As the name implies, the Canal & River Trust’s community roots programme helps local people improve their local waterway from the ground up. “There are three stages to it,” says Nick. “First you ask local people what needs improving. Why don’t they visit their local canal? Is there a problem with litter, fly-tipping or graffiti? Is it to do with safety, or access to the canal? Then you try to engage local boating, walking, cycling or fishing groups in getting people down to water and get them interested. The third stage is to try to create canal adoption groups or feed people into our towpath taskforces. So in the end you create something very sustainable.
“By 2019, we understood the barriers in Coventry.

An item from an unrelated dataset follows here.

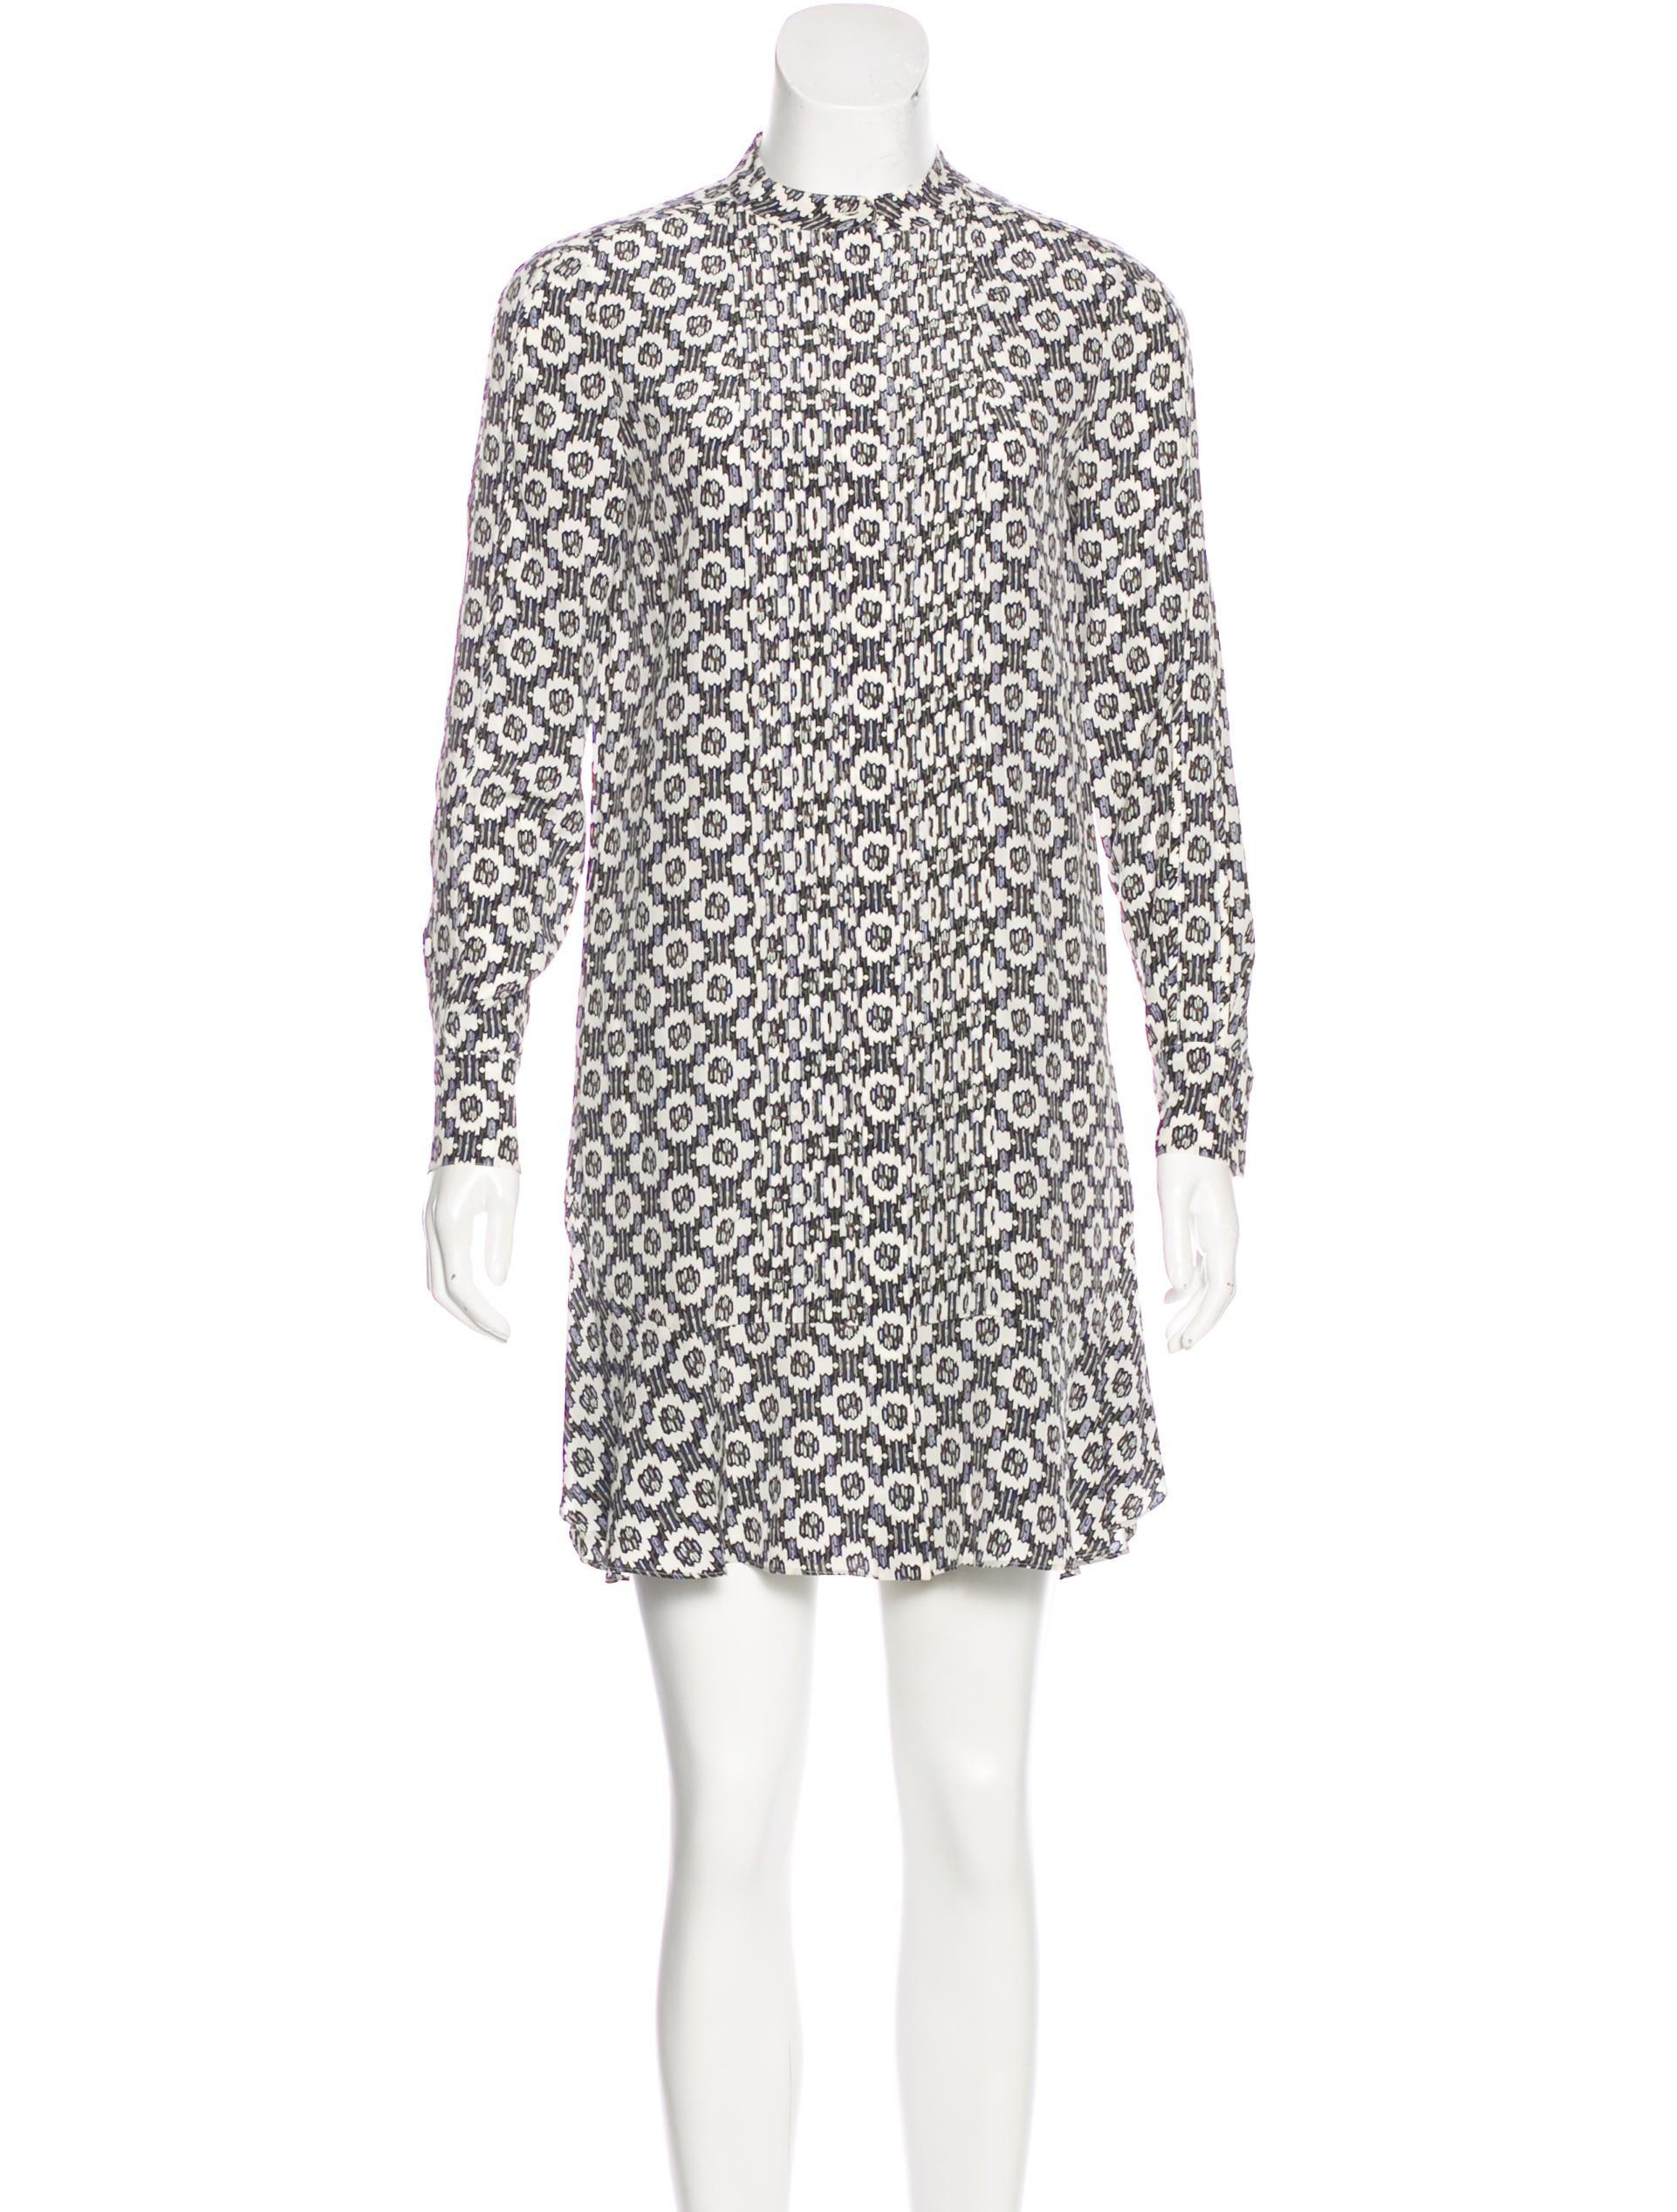 fd9bdd1c8909 Tory Burch Silk Shirt Dress - Clothing - WTO121385

For boaters, we needed to dredge the canal and cut back vegetation encroaching on the water. The towpath got quite muddy in places, so needed a better top surface. There were problems accessing the canal for bikes, buggies and wheelchairs. And when people got onto the canal, they didn’t know which way to turn, so signage needed improving too.”
Thanks to supporters like you, we worked with Coventry City Council and Sustrans in a three-way partnership to improve a 5.5-mile stretch of canal, from Hawkesbury Junction in the north of the city, right into the canal basin in the city centre, with most of the work taking place during lockdown.
“Now, it’s almost quicker to cycle into the city centre on the canal than it is to drive down the A444,” says Nick proudly. “In some ways, lockdown helped us improve the towpath without too much disruption, but it also meant a lot more footfall, and unfortunately a lot more litter. With many community volunteering plans having to go on hold, that set us back a bit.
“Having said that, we’ve got two canal adoptions just starting with the local Lions Club and a group from Crisis, the homelessness charity, looking after a local stretch. Plus, there’s a group we have been working with known as WASUP (World Against Single Use Plastics) who are helping us tackle plastic pollution on the Coventry Canal and across the region, so we’re motoring ahead with the City of Culture now underway.”
With around 20 events planned to take place on or alongside the canal during the festivities, Nick and his team are working hard to make sure the canal opens visitors’ eyes to an amazing green and blue space in the heart of the city.
“At the canal basin, we’ve repainted all of the old iron infrastructure, replaced cobbles and put in new interpretation panels to explain the history of the Coventry Canal. We’ve also turned a small canal building into a Welcome Station for the City of Culture and Canal & River Trust volunteers. Hopefully, art and creativity will help many more people get interested in their local waterway,” enthuses Nick.
“If we can get people to value their canal, they tend to come up with even more fantastic ideas for looking after it. The key thing is to leave a legacy. We’ve applied for Green Flag status for the Coventry Canal and are awaiting our visit from the assessment team, so it can be recognised as a wonderful open space of which the whole local community can be proud.”